Exercise prompt ▸ Please, without any pictures, transcribe the lines from the one holding "Taproom view from the entrance" to the end of the listing, both ends included.

Provided data ▸
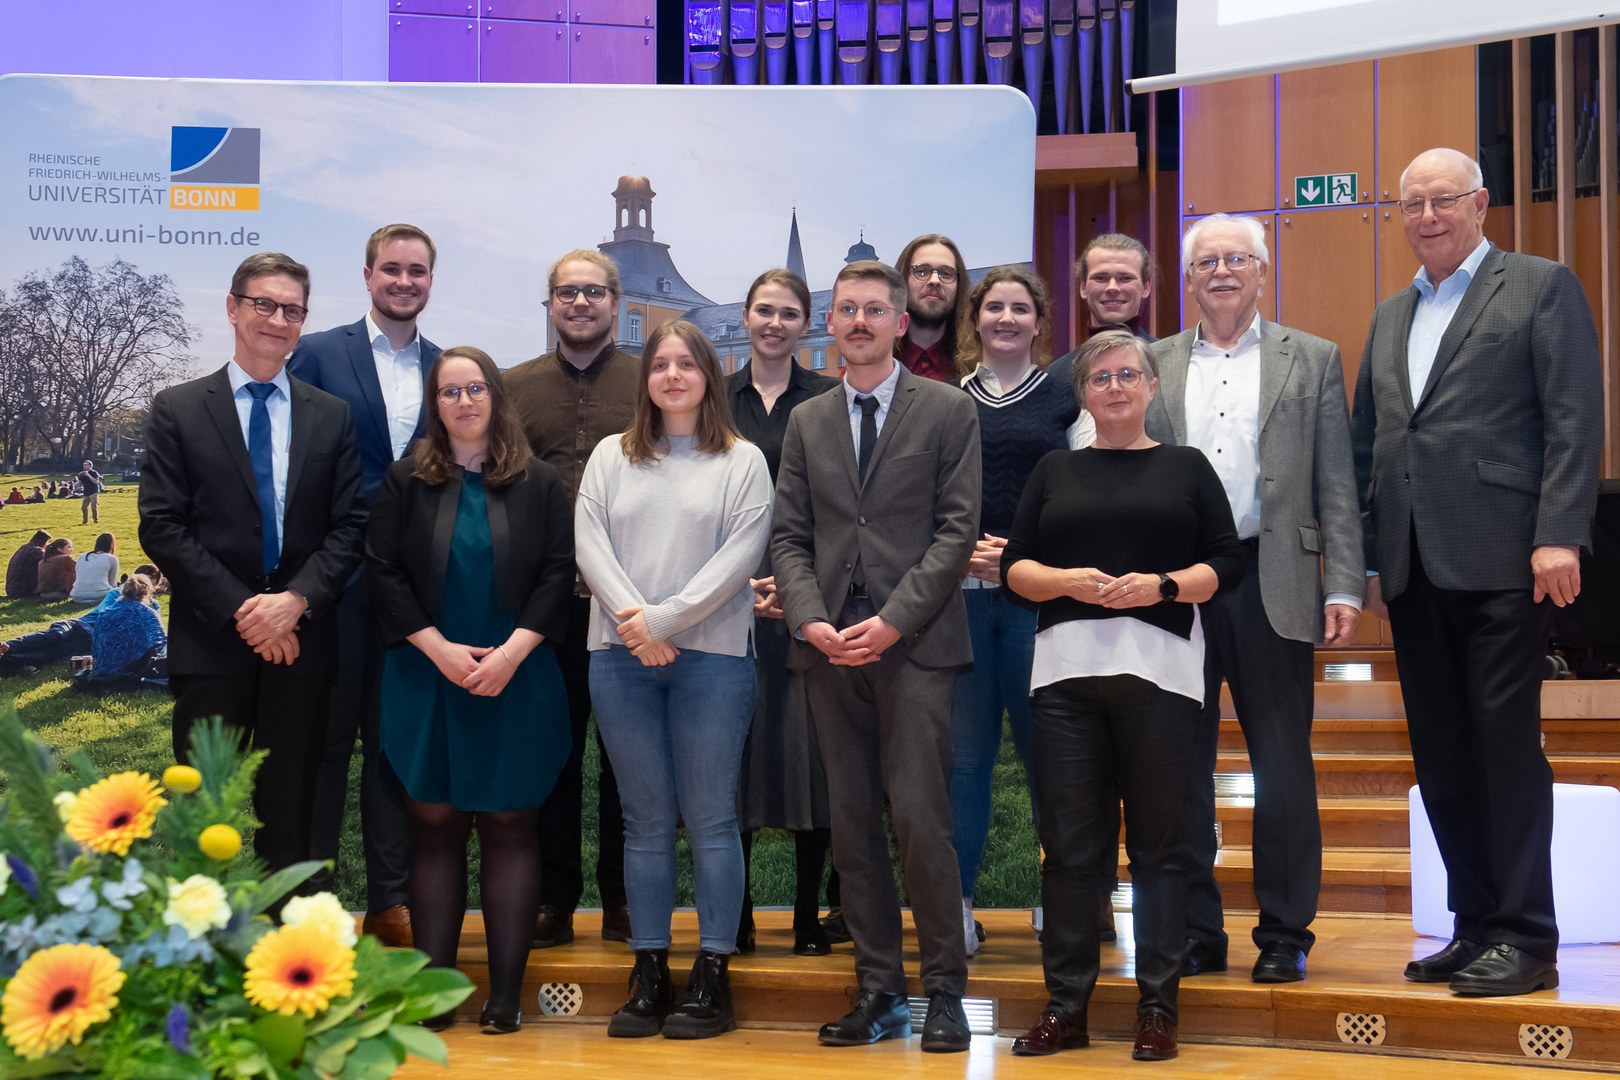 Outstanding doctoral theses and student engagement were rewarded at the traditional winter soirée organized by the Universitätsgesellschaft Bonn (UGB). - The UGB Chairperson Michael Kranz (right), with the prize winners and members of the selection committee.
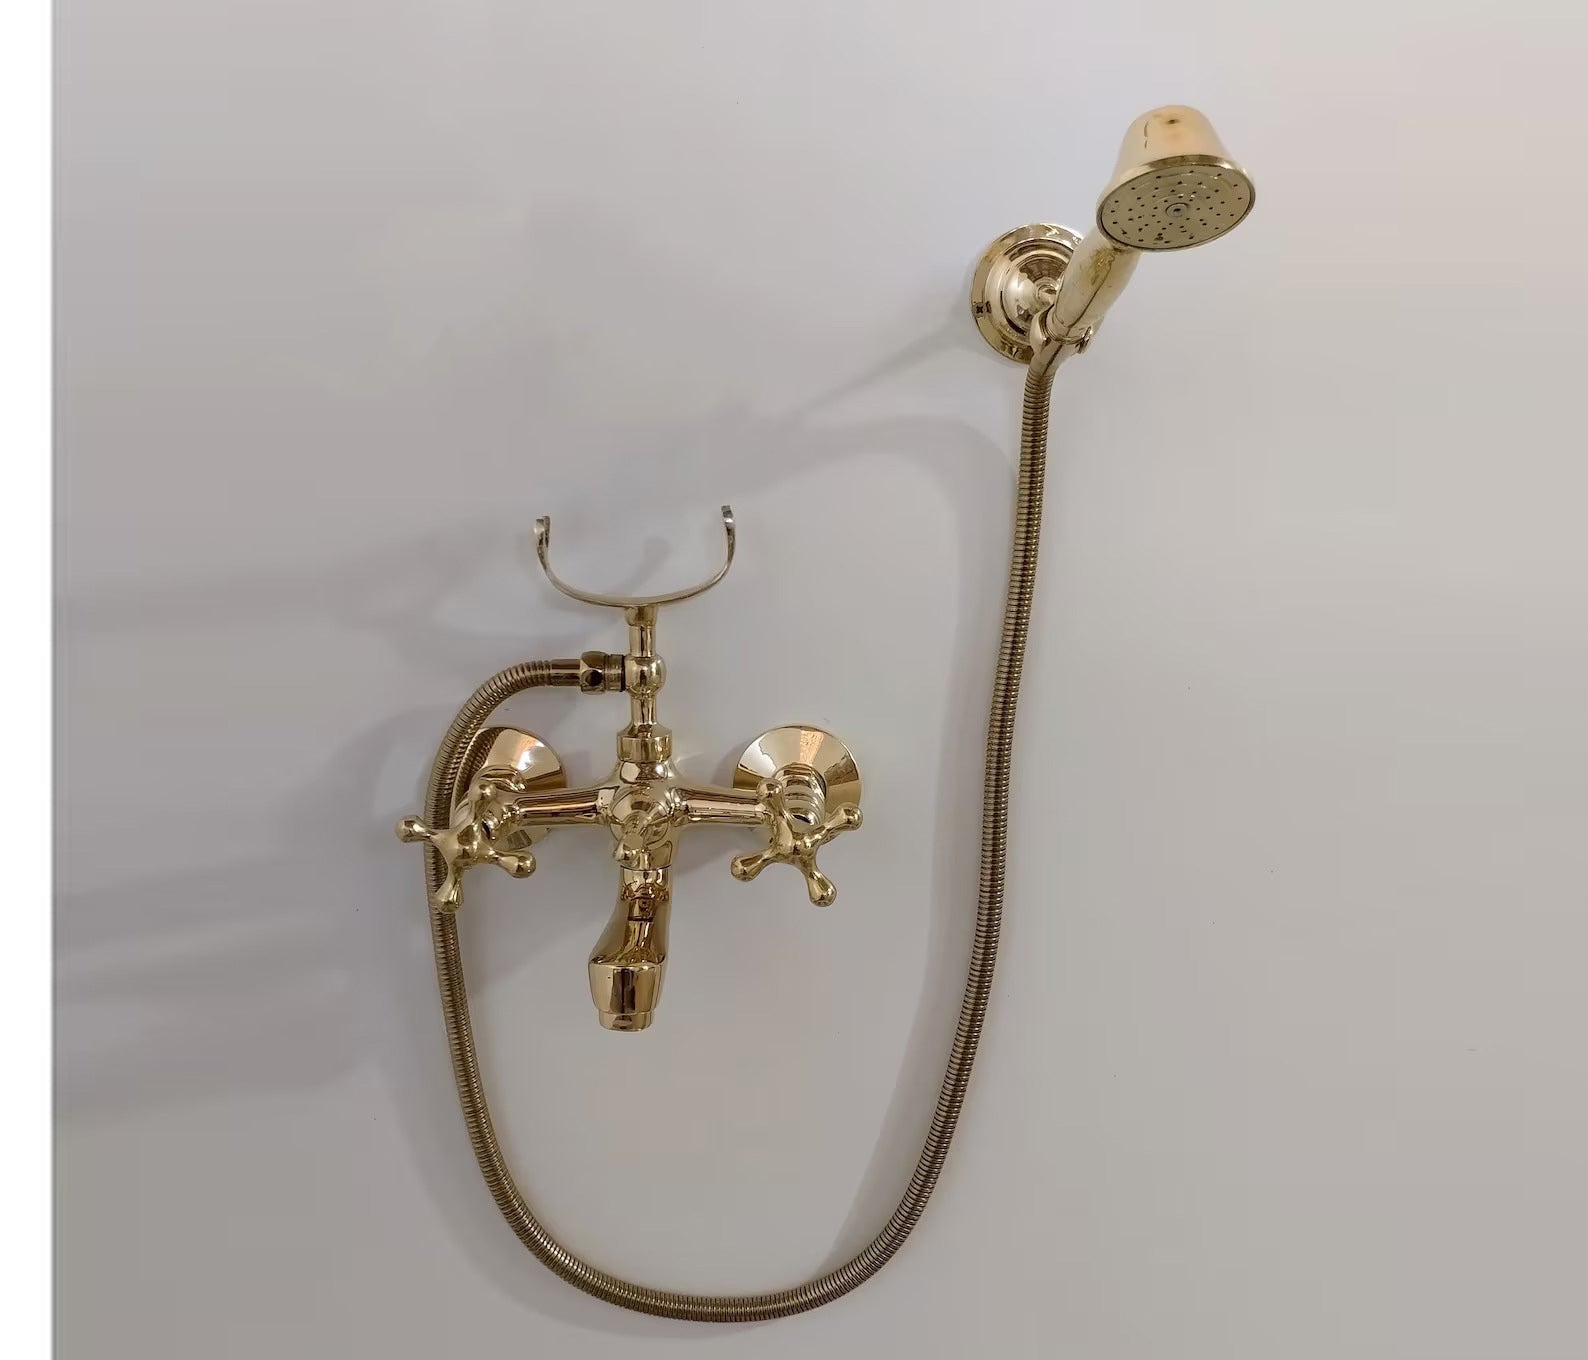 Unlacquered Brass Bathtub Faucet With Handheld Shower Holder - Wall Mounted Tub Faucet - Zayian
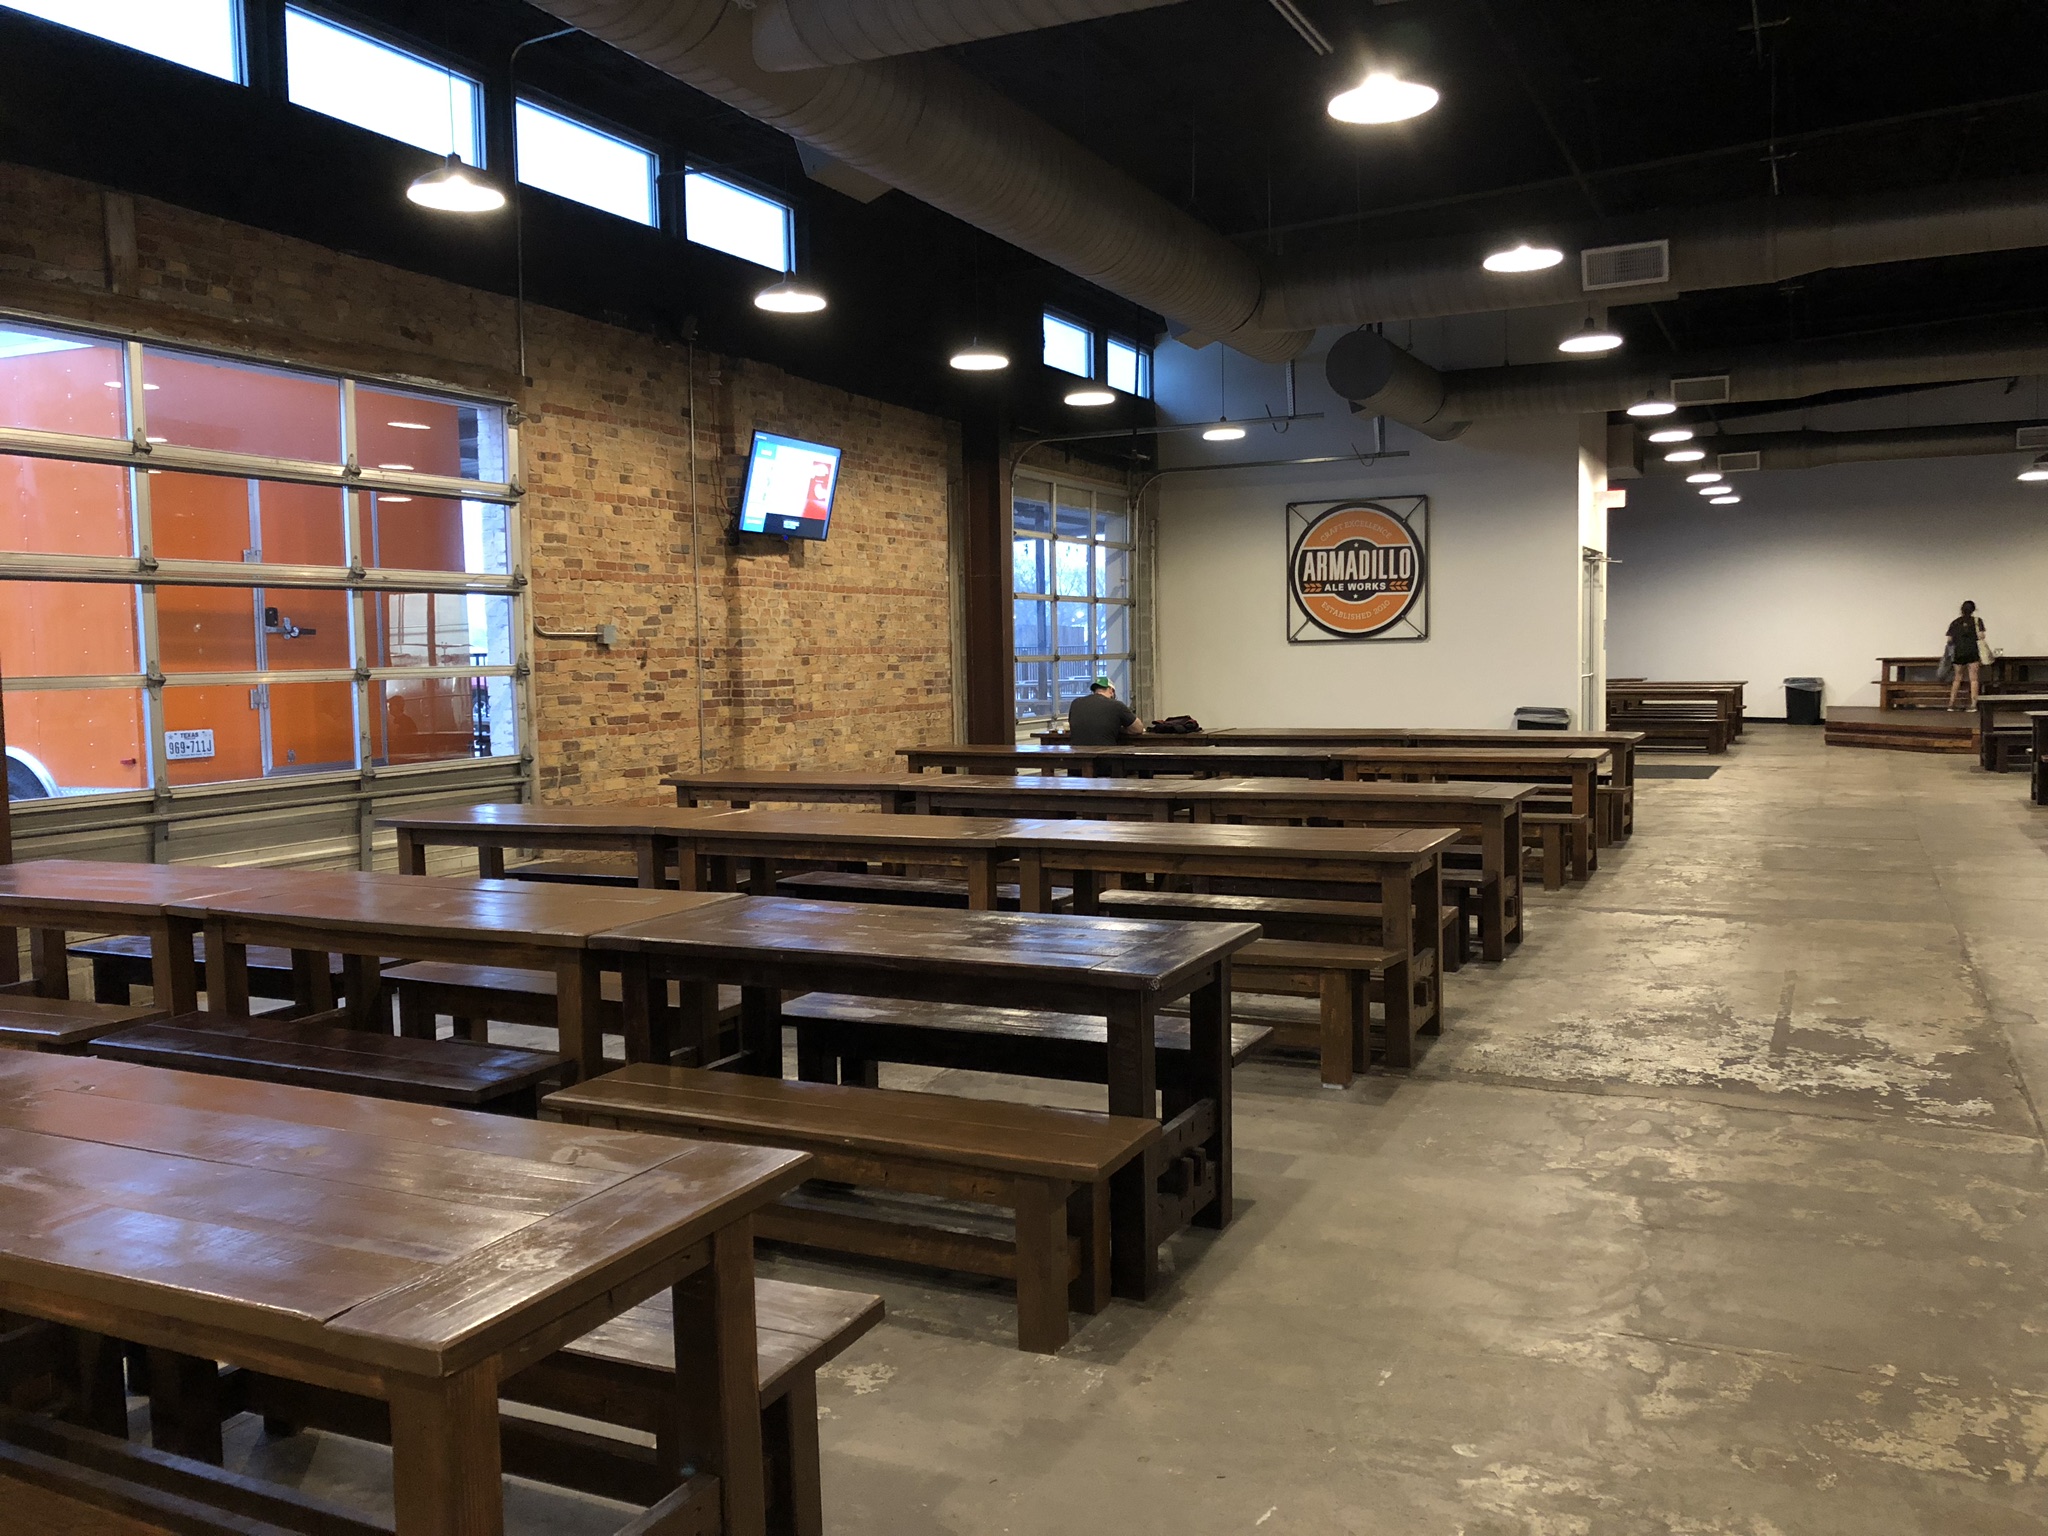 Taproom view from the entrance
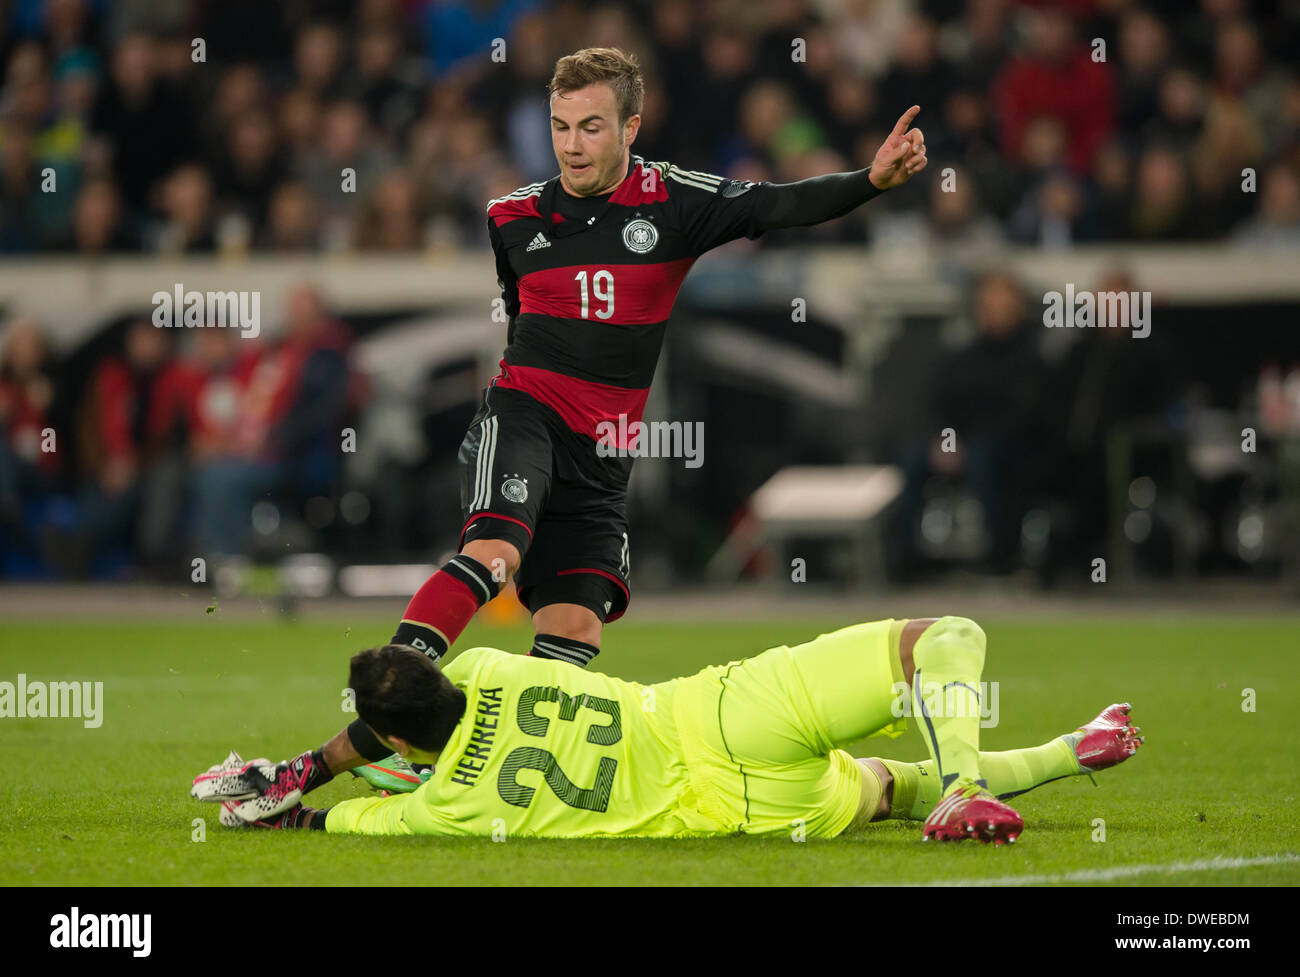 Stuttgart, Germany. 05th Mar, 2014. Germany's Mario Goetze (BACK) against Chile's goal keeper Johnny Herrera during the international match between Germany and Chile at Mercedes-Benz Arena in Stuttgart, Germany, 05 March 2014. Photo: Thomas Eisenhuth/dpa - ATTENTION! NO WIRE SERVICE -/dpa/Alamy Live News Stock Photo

Finished task ▸
 Taproom view from the entrance
 Stuttgart, Germany. 05th Mar, 2014. Germany's Mario Goetze (BACK) against Chile's goal keeper Johnny Herrera during the international match between Germany and Chile at Mercedes-Benz Arena in Stuttgart, Germany, 05 March 2014. Photo: Thomas Eisenhuth/dpa - ATTENTION! NO WIRE SERVICE -/dpa/Alamy Live News Stock Photo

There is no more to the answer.